Have you ever wanted to die
Not like having something so amazing happen that you think you could die, because I think I’ve felt that
But when all hope has been drained
Your marrow left bloodless
Your mind left wondering why you haven’t died already since your life obviously has no universal purpose
The struggle, you know about that
Like a weed
Constantly coming back when you think you’ve conquered them all
It’s a feeling that grows
Not one that happens over night
This feeling is one that occurs after years of continuous struggle
Where no matter how much you’ve learned
You can’t help but think your body is burned with the stamp of eternal agony
I am first going to tell you that I am sorry for my neglect. This week I have spent hours searching for similes, and finding meaning between the black ocean waves and a purple moor. I have been feeling a little more lost than I am used to. The freedom from backpacks and MLA format makes me wonder if I will ever be able to keep the dishes clean. And what if I am a failure because I will never like doing laundry?
I need some fiesta time, where you read aloud all of the things people don’t need, while I struggle to keep the lettuce off the table.

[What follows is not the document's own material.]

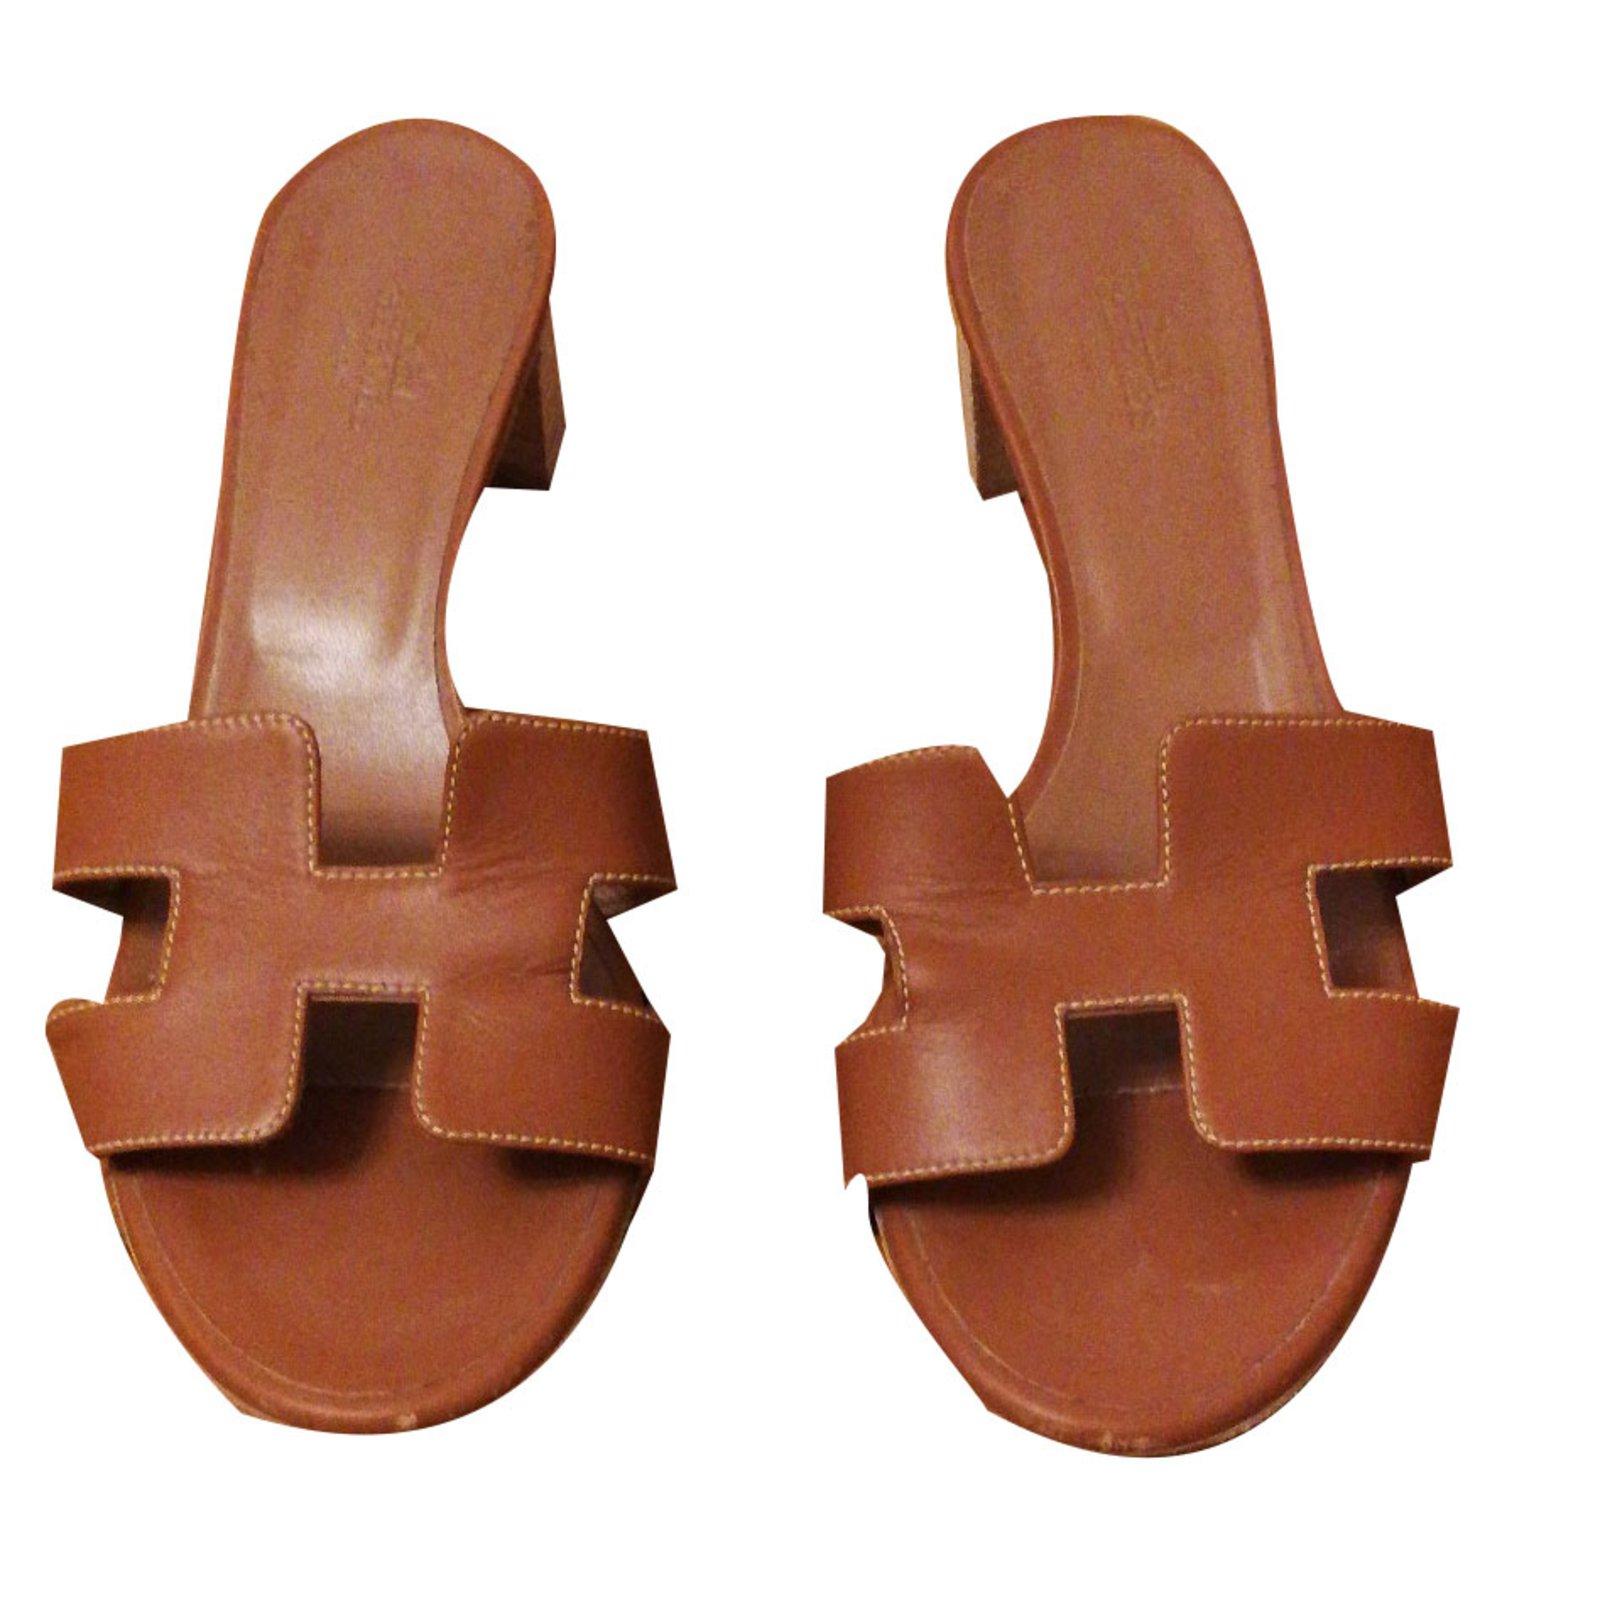 aeb6158eb6e9 Sandales Hermès Sandales hermes Oasis Cuir Caramel ref.37877 - Joli ...
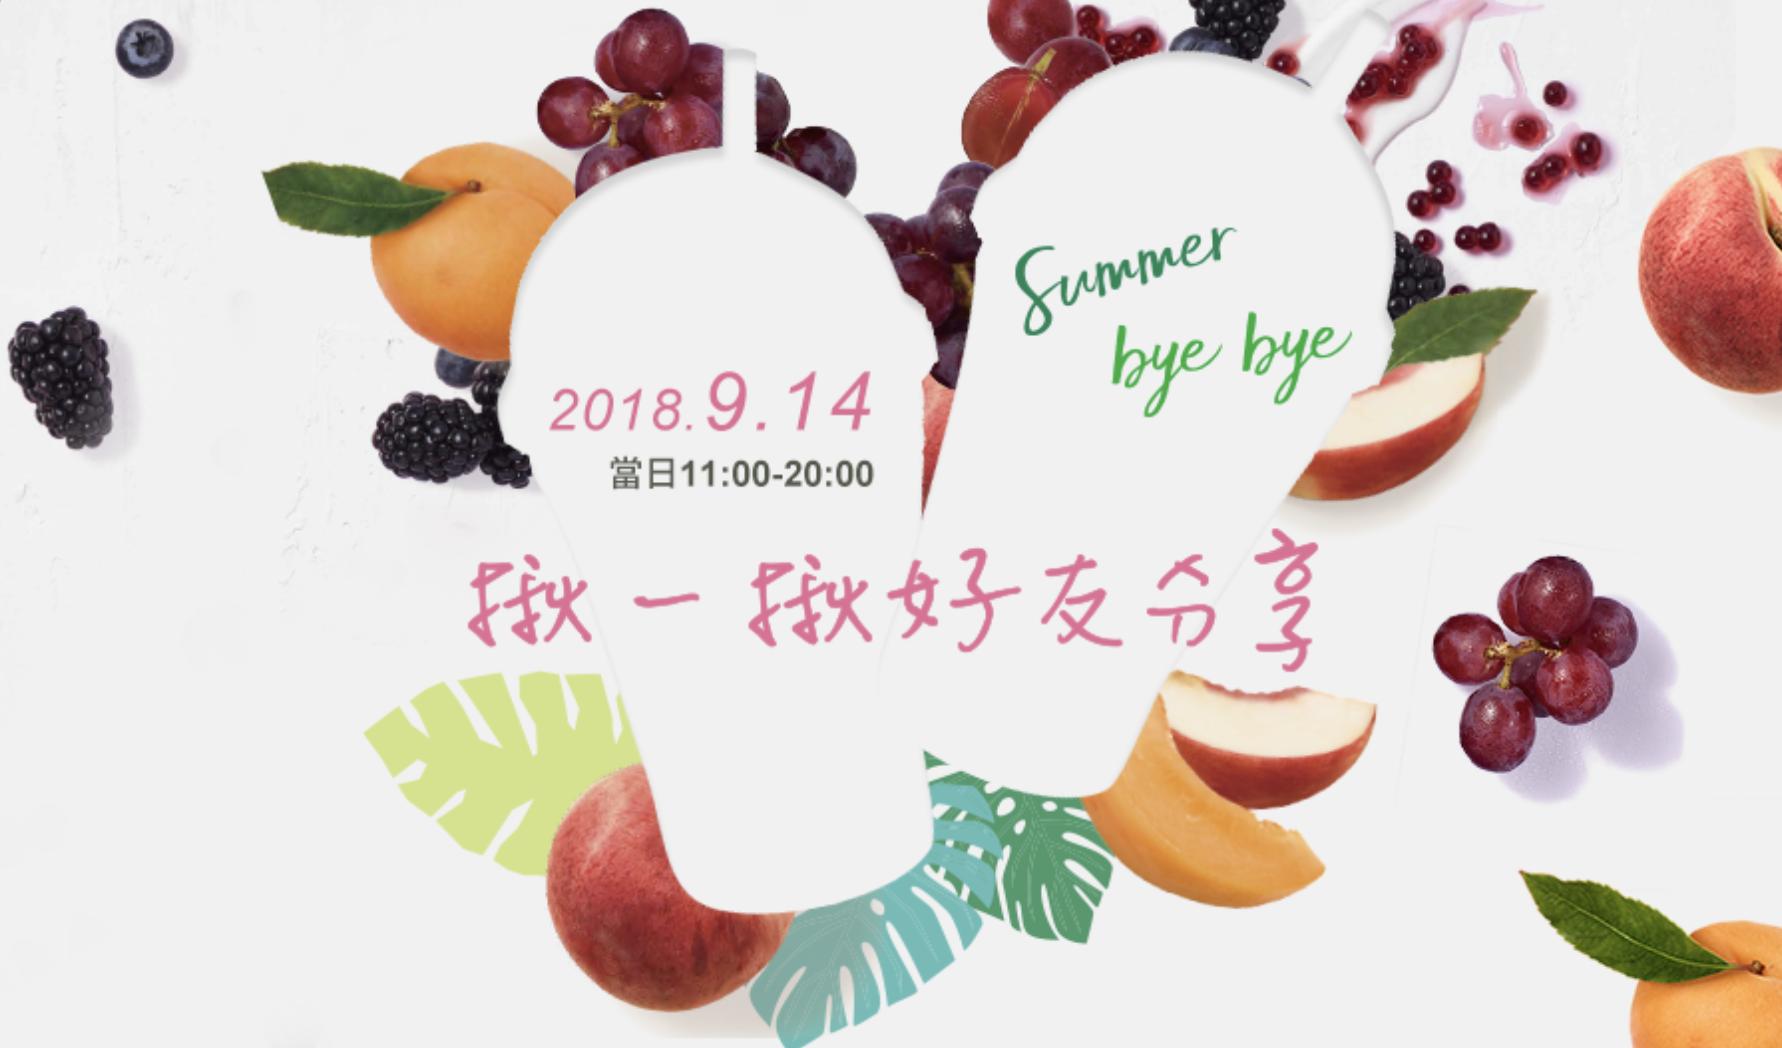 星巴克推出的「Summer Bye Bye 揪一揪好友分享」将让你相约朋友,一起向炎热的夏天说再见!

-someone who wants longer days
Im sorry, I have been away from the computer too much this weekend. But right now my head is too busy, and I can’t think of the right things to say.
reading in the stream
don’t you miss it?
i contemplated smoking that cigarette for days now, yet opted to buy new tobacco every time. i bet it was dry. if i hadn’t been sleeping for 10 hours i could have rolled a new one for you…but i am sure glad you were taken care of.
there was a rolled cigarette in the bathroom, and i smoked it.
I’m pretty sure it was ben’s.
I will have more to say later.
Is it selfish that I feel happier? Sometimes i just like wanting things, not actually having them. Because I think it is like nothing is ever as good as it could have been. But is it realistic to live in ambiguity? Because I just don’t believe in one answer. My problems are always in shapes I have never seen before, and solving them feels like sounding out words i have never seen before. I get self conscious because I can’t cut lasagna into even pieces, and the cheese oozes outside of all the lines.
I think that everyone always knows. Proof 1: The first time I saw the front yard, I thought it needed work. Like the tree was begging for grass and less of this inconsistent gravel. And the table, felt used and tacky, until we talked there once, and the faded green plastic felt like something familiar, like the same color of my childhood neighbor’s over chlorinated pool. And how now I think it means something that i like to sit out front. Proof 2: I like things simple, from how I format writing, to my food. Until I tried thai food, and realized that there are so many different shades grey. Proof 3: The first time i met you, I felt unsure. But you help me wear my consistencies like jewelry. You inspire honesty, and a kind of excitement that permits bruises.
my camera is a new necessity, which is why i thought it odd as a forgotten item. mimosas are probably a decent trade, don’t you think? your hair is great today, it glistens in the sun with perfection, a shade of orange that has too been forgotten. the simplicity of a day that has no plan and no meaning is well shared with you. my words are pre-meditated, yet written with a bubbly luster you can only get from drunken bubbles…hahaha. its been two days since our last “serious” talk and i feel like the withdrawal has subsided with your thoughts in proximity. thoughts in proximity, huh. proximus thoughts…fun. i’ve been meaning to say to you these things that i have since forgotten, but feel are unnecessary to say now, as you’ve probably already thought them, or are at this very moment. this very moment…we think…about this very moment.
I want you to know the reason I don’t indent my paragraphs: (even though this is what we call a ‘friendly letter’) is because sometimes I like things to seem formal, even when they’re not. I love language like my favorite pair of shoes. I think I like change so much that I am disappointed in Christmas because it always feels the same.
I just like the idea of ‘movie mondays’, and no one has to know how long that really lasted, but would they even ask? Because I like different kinds of stories. Just so you know, I almost kissed my mirror this morning, my hair looked so good. And sometimes I can’t get over how far ‘good reason’ can go. Have you ever heard the crimminals’s side of the story? Language can push us so far.